In fact, the ramp down to the main firing battery was closed off and we had to take the stairs that ran alongside it.

The main firing battery itself had more stairs and more ramps that led down to another level.  You can see how canon warfare changed over the lifetime of this fort.

In some areas they had stationary canons set up between the large concrete walls that protected the soldiers doing the firing.

In other areas, you can see the half circle tracks made for later canons on wheels that could be re-positioned easily just by pushing it so it would be pointing the direction of the incoming enemy ships.

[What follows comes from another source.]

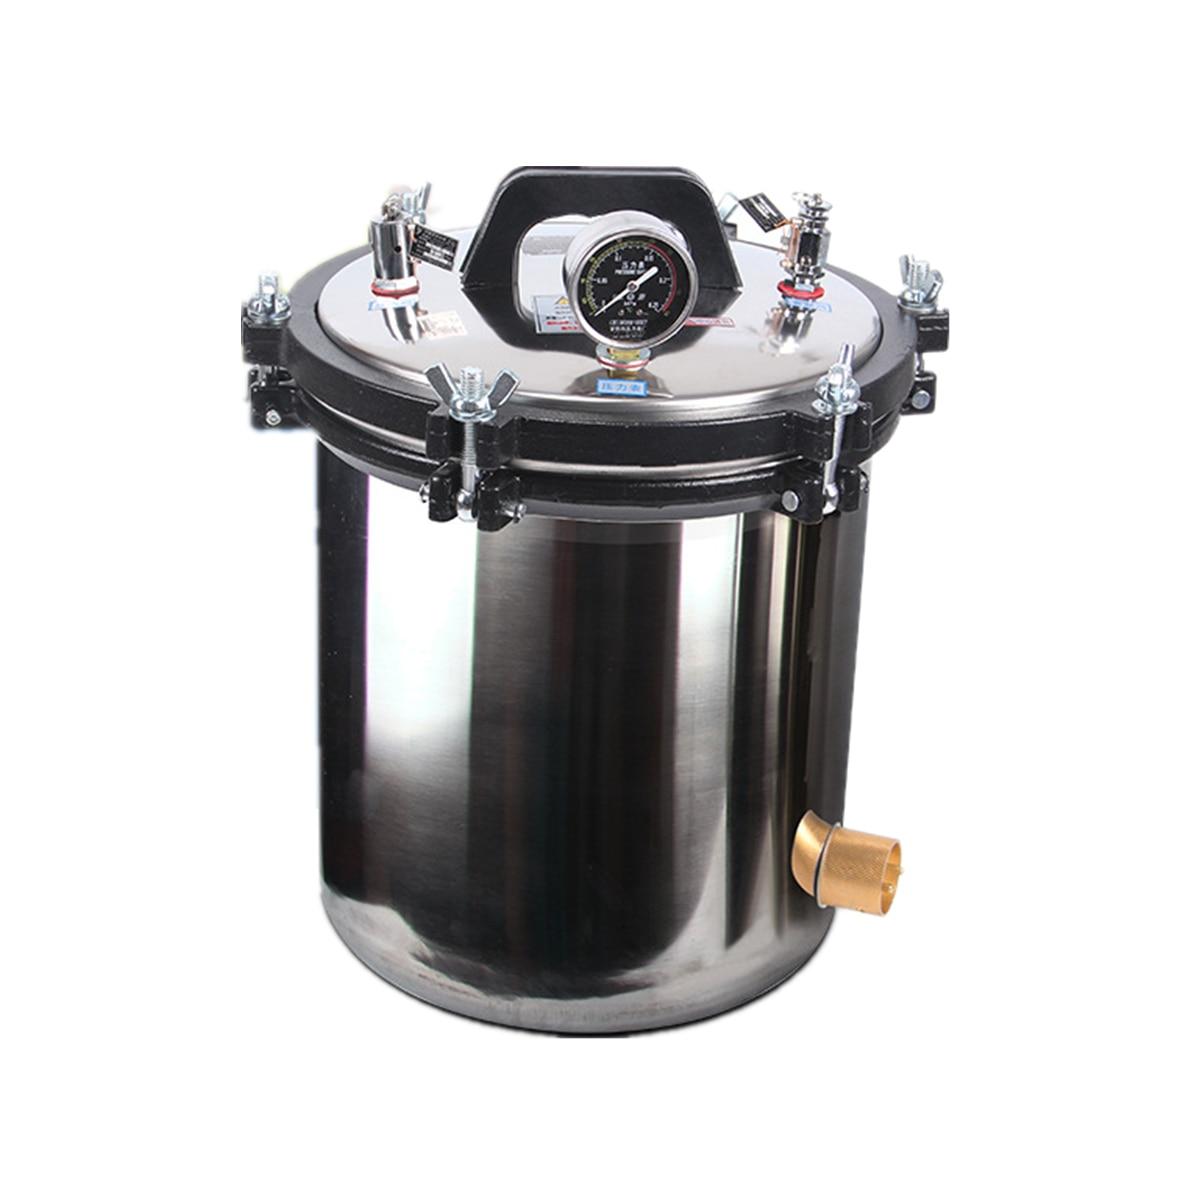 Us 16416 43 Offstainless High Pressure Steam Sterilizer Medical Dental Tattoo Autoclave Sterilization Heavy Cast Aluminum Pressure Cooker 8l In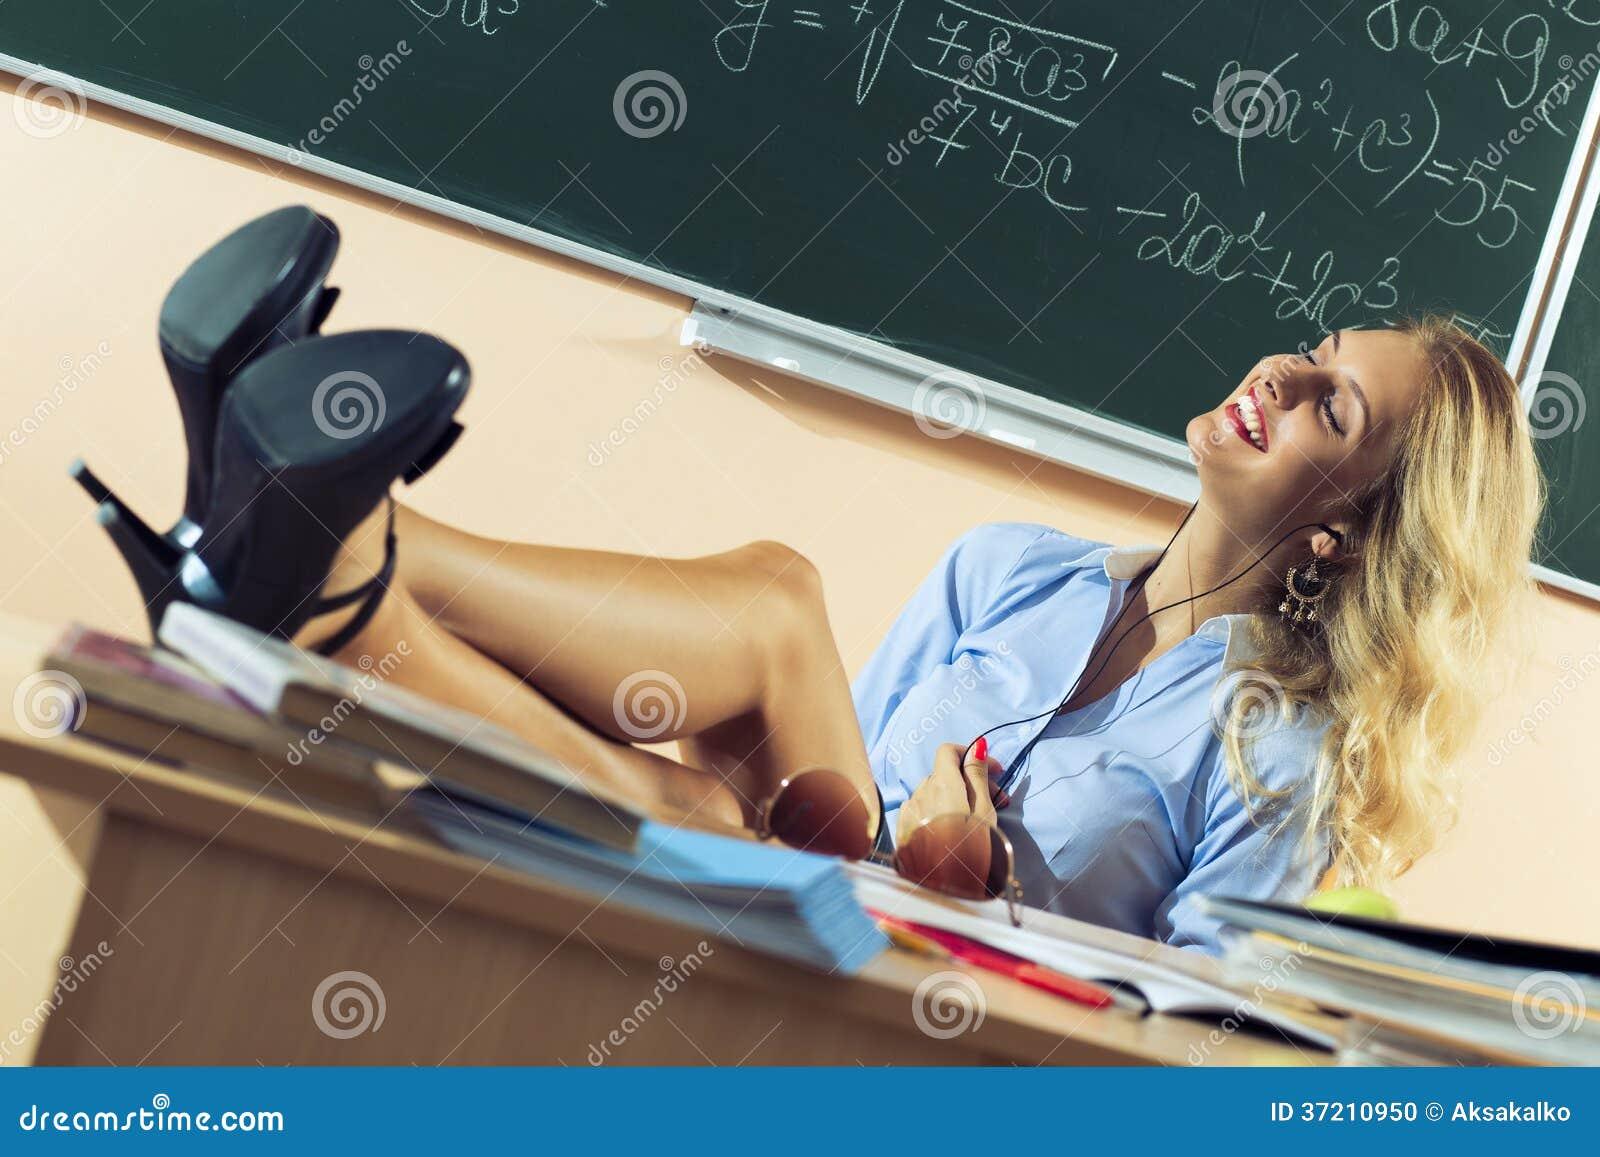 Beautiful Young Sexy Teacher Stock Photo - Image: 37210950: http://www.dreamstime.com/stock-photo-beautiful-young-sexy-teacher-resting-classes-image37210950

Right out near the edge of the fort on the point where the Atlantic Ocean meats the Bay of San Juan, something much more modern.  A World War II relic actually.  A large concrete pad that actually held an anti-aircraft gun that was used as a harbor defense system to search for German subs and planes.  There were no conflicts in this area during WW II but the US Military was ready and actually used and staffed the fort in case the war made it this far west.

One of the first things we noticed about this fort when we started to walk up was the lighthouse.   It juts out from the top level of the fort and is painted in a couple different shades of blue.

Unfortunately, this is not original.  The original was built in 1846 but that was destroyed during the Spanish-American war.  The lighthouse was rebuilt then demolished in 1906 due to structural problems.  The lighthouse that is there now as built by the US Military in 1908.

There are many structures in the United States as old as Castillo San Felipe del Morro so it was really cool to spend a couple of hours walking through the historic structure and reading about the history of warfare on the Island.  El Morro is one of the first things you notice about San Juan when you fly in to the city and it should be one of the first “touristy” things you do when you get to town.